Лисандра наградила его высокомерным взглядом.
— Я говорю, когда это необходимо. Спартанцы не занимаются болтовней ради болтовни. Мы слишком хорошо знаем цену слов. Я слышала, что у других народов это даже вошло в поговорку.
Катувольк жестом предложил ей пояснить.
— Лаконичность, — сказала она. — Это от слова «Лакедемон». Так называется область Эллады, где расположена Спарта.
— А ты, похоже, гордая.
— Еще бы мне не гордиться! — Лисандра предпочла пропустить ироничный тон Катуволька мимо ушей. — Все прочие люди бессильны понять, что это значит — быть спартанцем!
Посвящать наставника в подробности своего внутреннего разлада — является ли сама она настоящей спартанкой? — Лисандра, понятное дело, не стала.
Катувольк сменил тему:
— Тит решил, что вам, новеньким, будет полезно побольше общаться с ветеранами. Для этого сегодня вечером будет общее празднество.
Лисандра хмыкнула.
— Ну что ж. Желаю повеселиться.
— Знаешь что, Лиса, тебе легче будет здесь жить, если ты перестанешь сторониться других женщин. Покамест тебя, знаешь ли, здесь не особенно любят.
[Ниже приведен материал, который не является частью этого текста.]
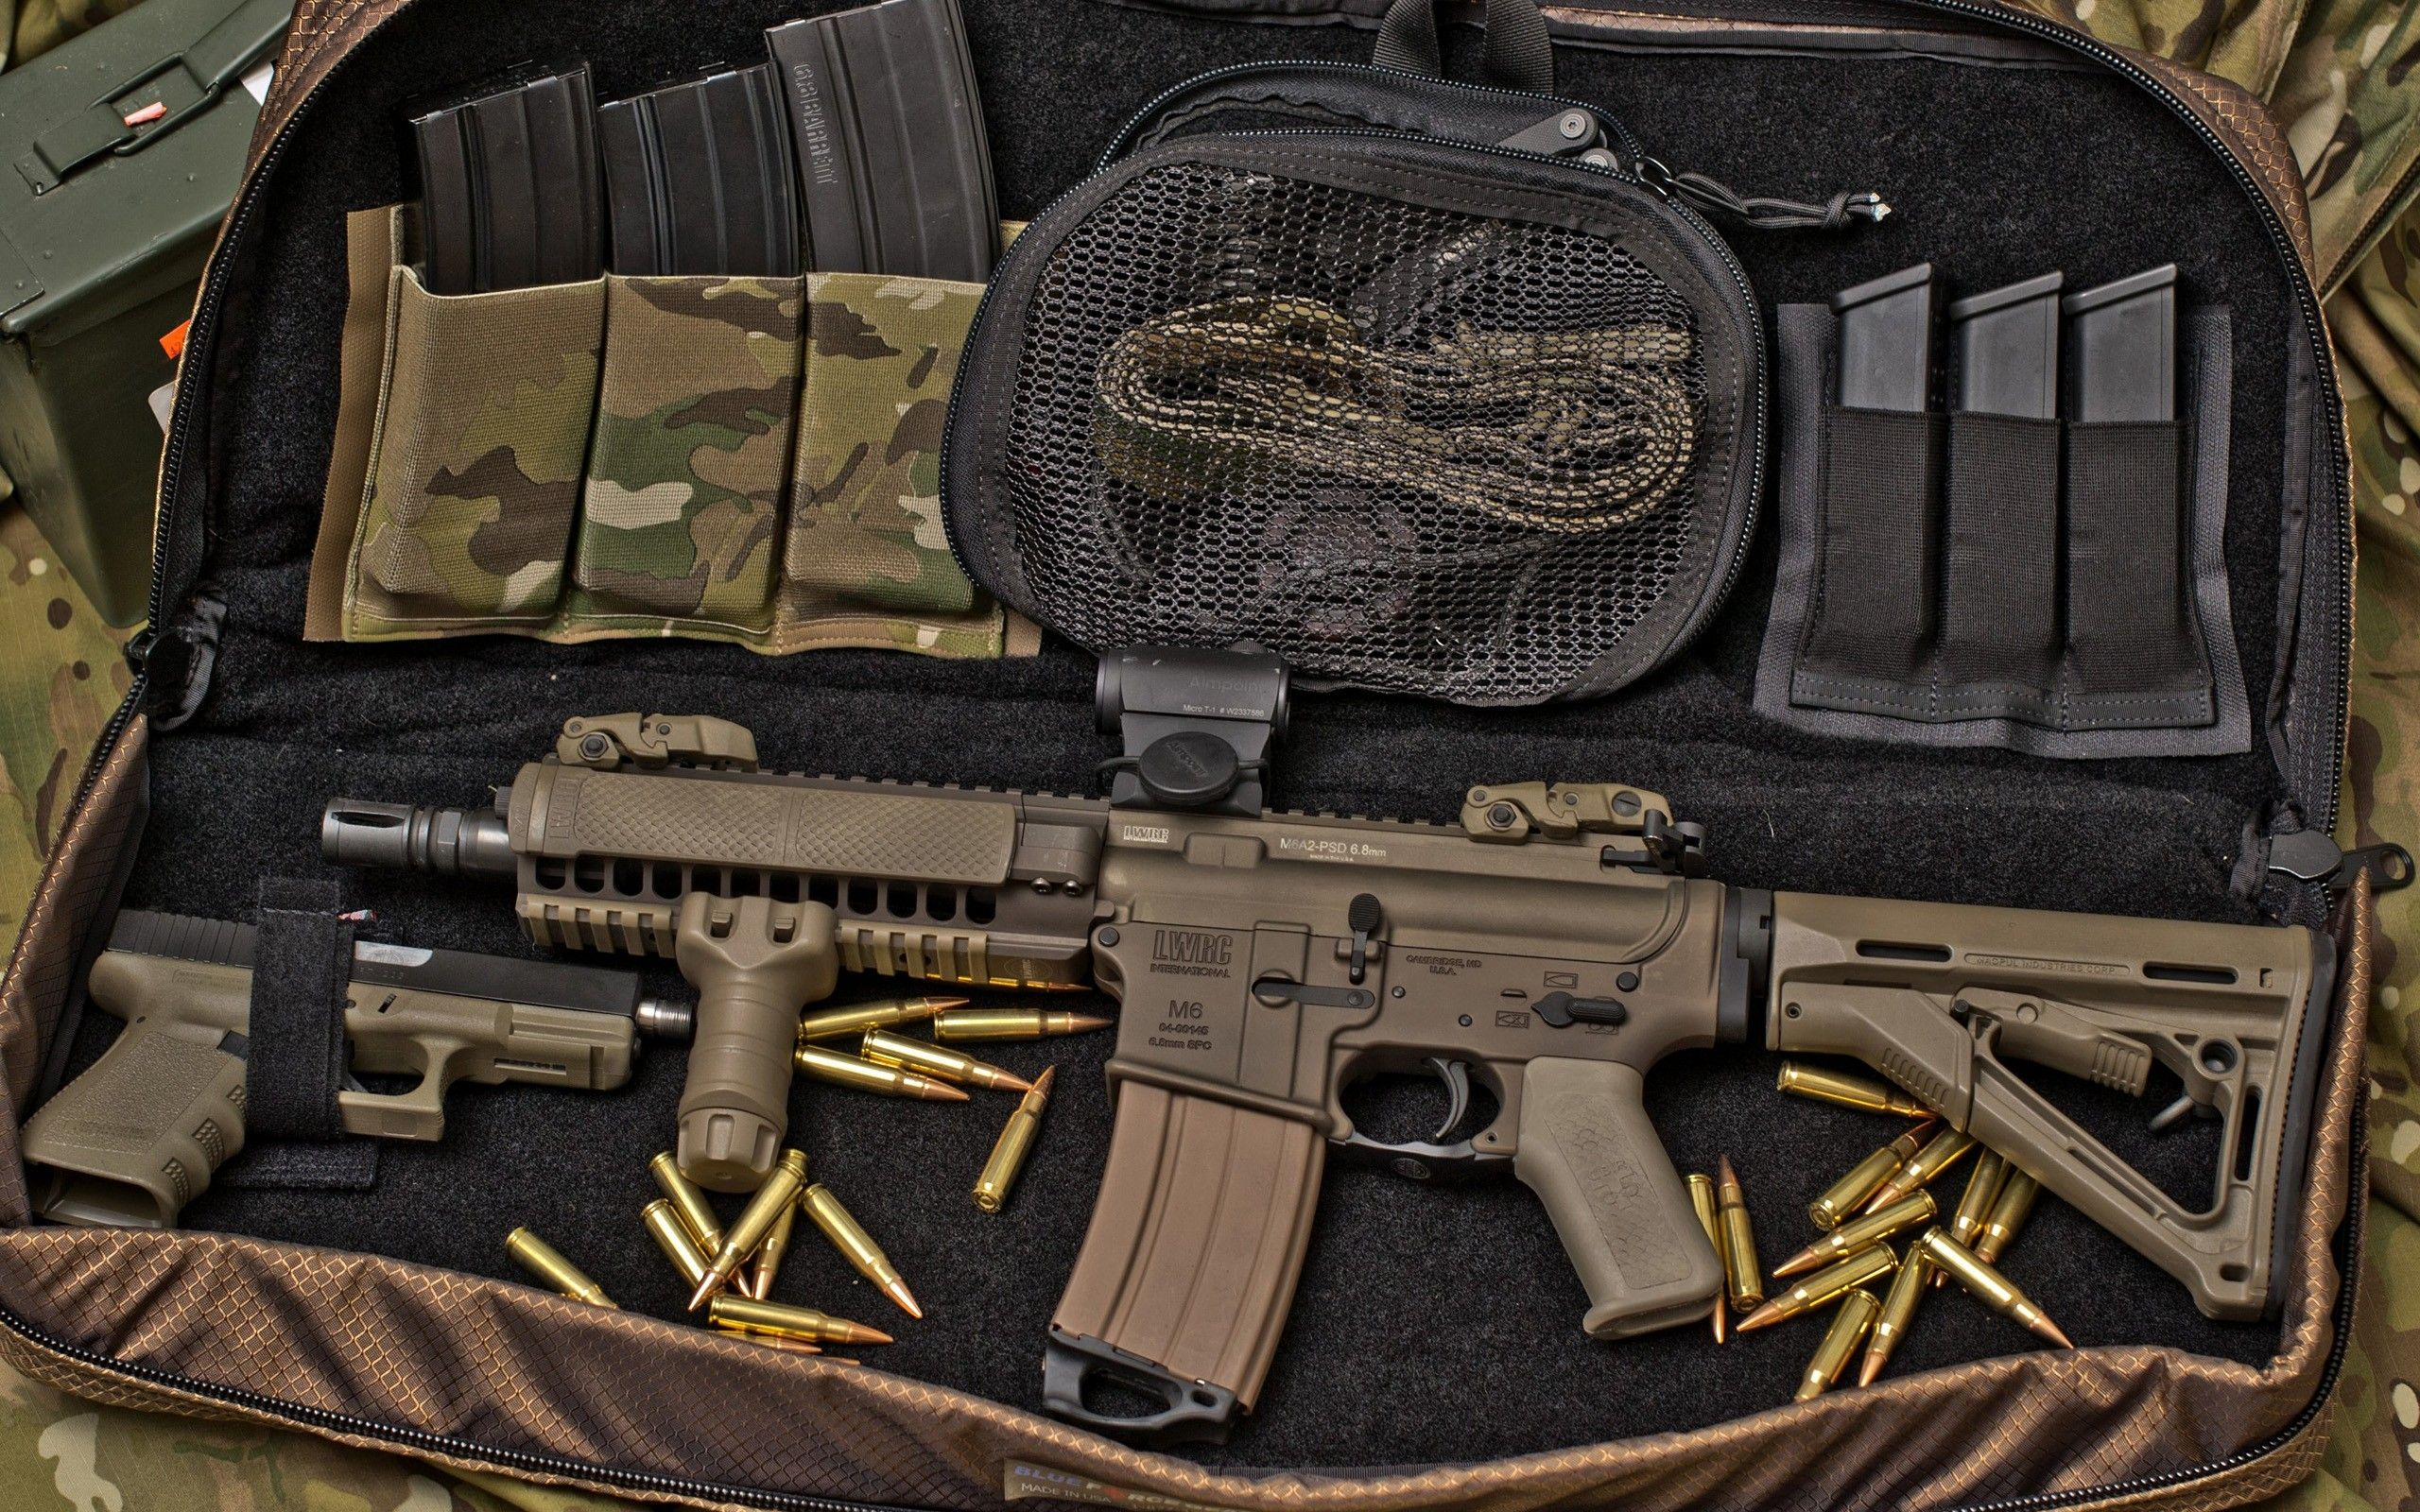 guns weapons glock magpul ar 15 m4 tactical lwrc m6 aimpoint stanag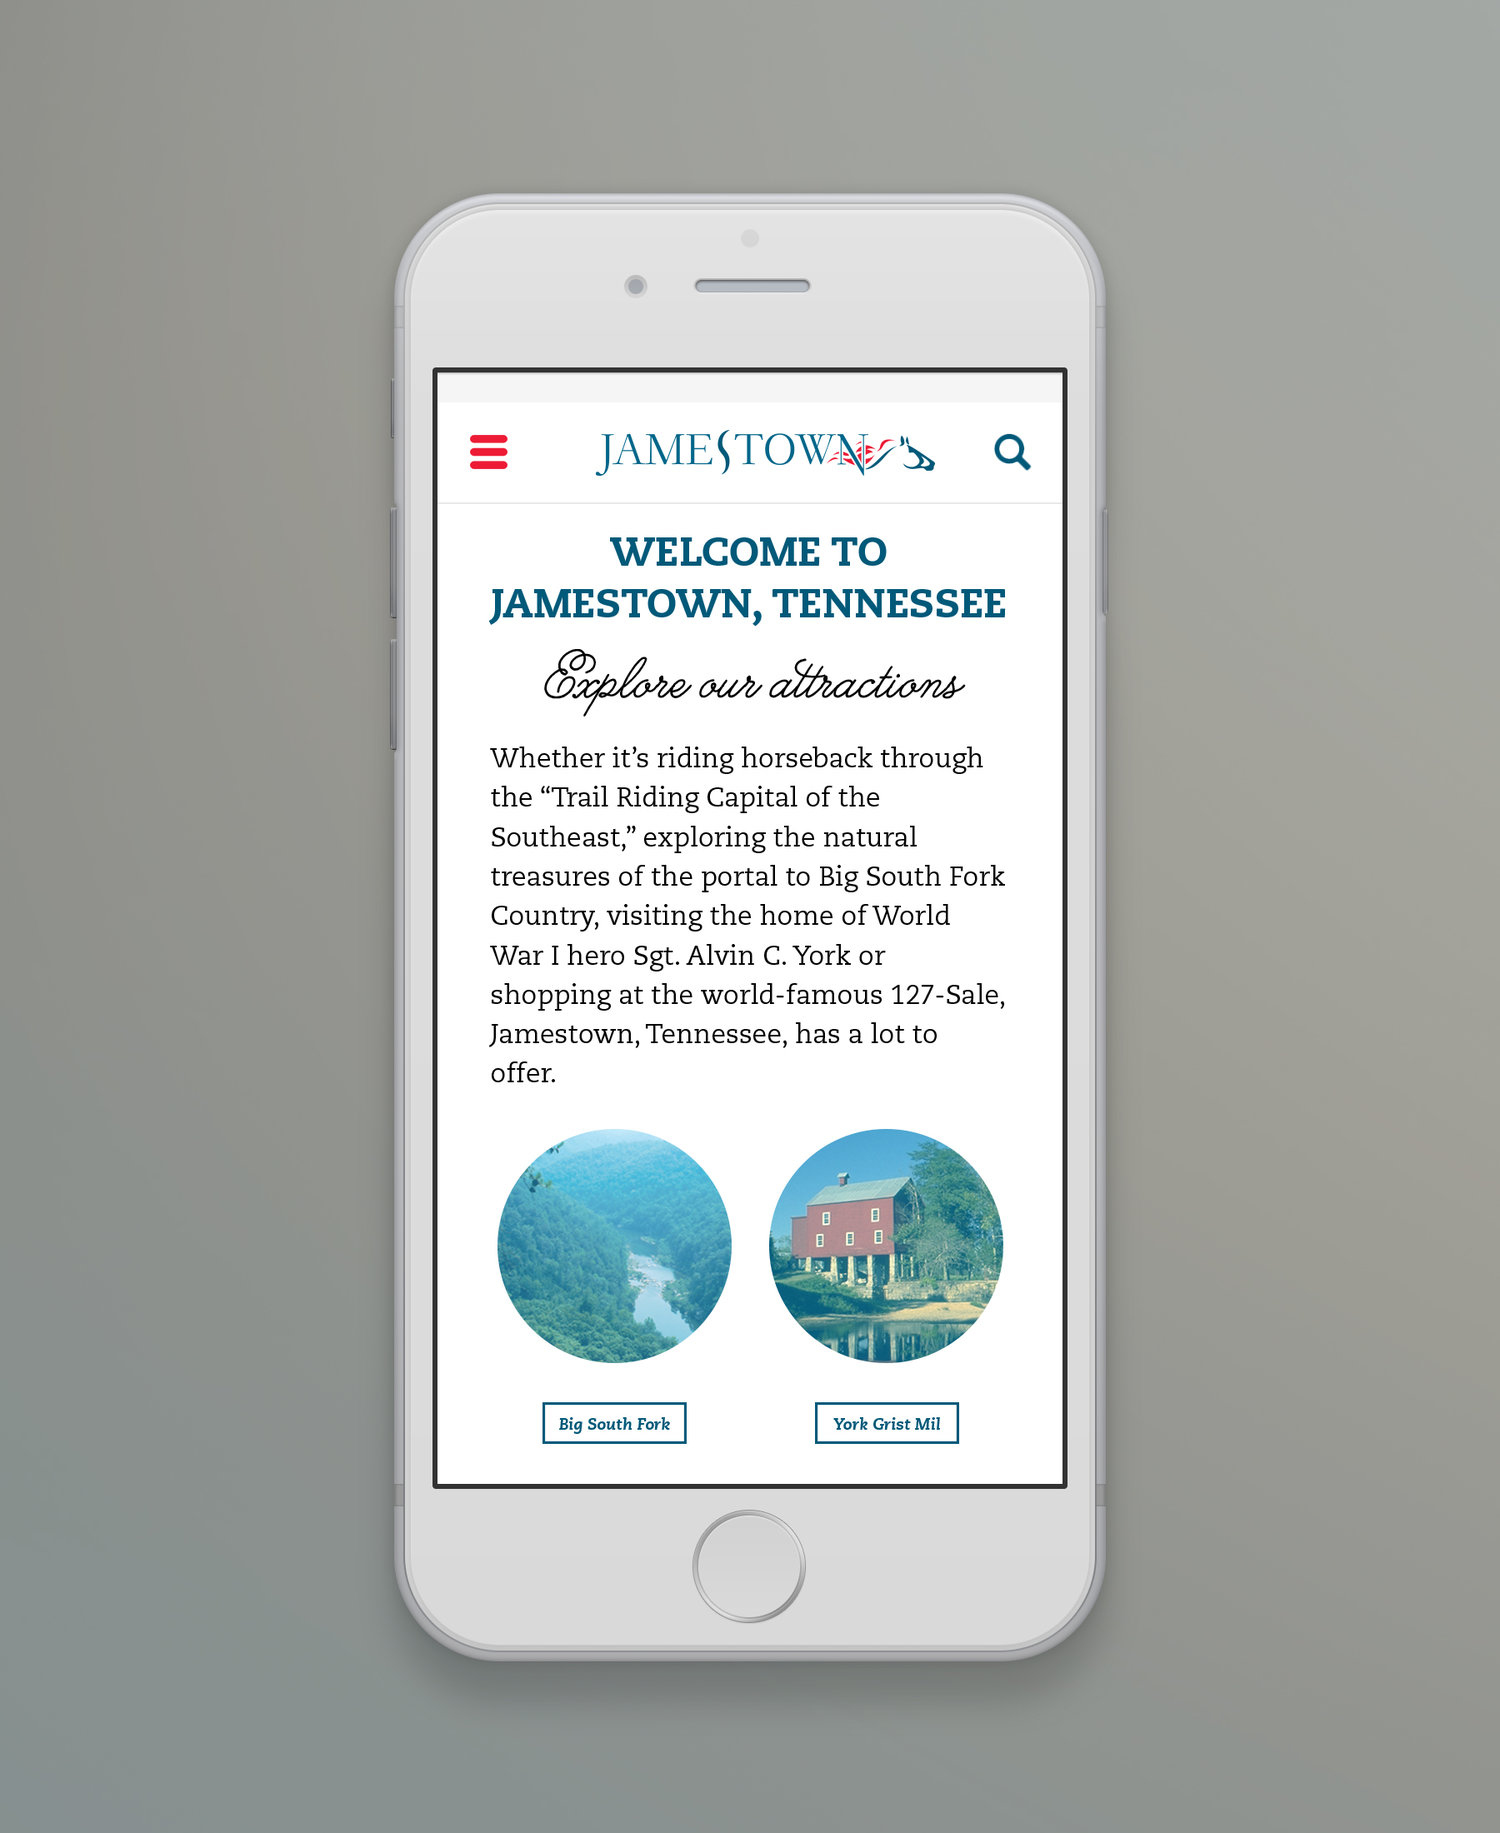 Web Design | Jamestown - Welcome to Jamestown, TN (Mobile View - iPhone Mockup)

Лисандра в это время пыталась сообразить, с какой, собственно, стати он пытался вызвать ее на разговор. Ну да, они оба являлись рабами. С другой стороны, луд был организован по военному образцу. В его иерархии Катувольк был ее начальником. Панибратство между ними едва ли выглядело допустимым, считалось, что подобное скверно сказывается на дисциплине. При этом Катувольк был всего лишь варваром, вряд ли способным вообще уразуметь понятия «авторитет» и «дисциплина», не говоря уже об их воздействии на воинский дух.
— Я здесь не затем, чтобы меня все любили, — сказала она. — Я невольница. Я должна выступать на арене и убивать ради развлечения зрителей.
Катувольк сделался серьезным.
— Девочка, не забывай, что все это дает тебе шанс отвоевать свободу. Хотя я, в общем-то, не об этом. Я к тому, что хорошо бы тебе явиться на праздник. Может, тоже сумеешь повеселиться.
— А я думаю, что тебе не следовало бы со мной разговаривать, — ответила Лисандра. — Если тебя так волнует всеобщая любовь, то учти, что было бы лучше, чтобы никто не заметил, как я болтаю с наставником. Катувольк выглядел так, словно она вкатила ему пощечину.
— Как хочешь, — коротко проговорил он и поднялся. — Я пытался замолвить за тебя словечко Нестасену, поскольку мне казалось, что он слишком уж на тебя наседает, но теперь вижу, что ошибался. Ты вполне заслуживаешь всех шишек, которые на тебя сыплются. Есть законное право гордиться своим наследием, а есть гордыня и заносчивость. Чувствуешь разницу?
— Варвар взялся философствовать, — хмыкнула Лисандра. — С ума сойти можно!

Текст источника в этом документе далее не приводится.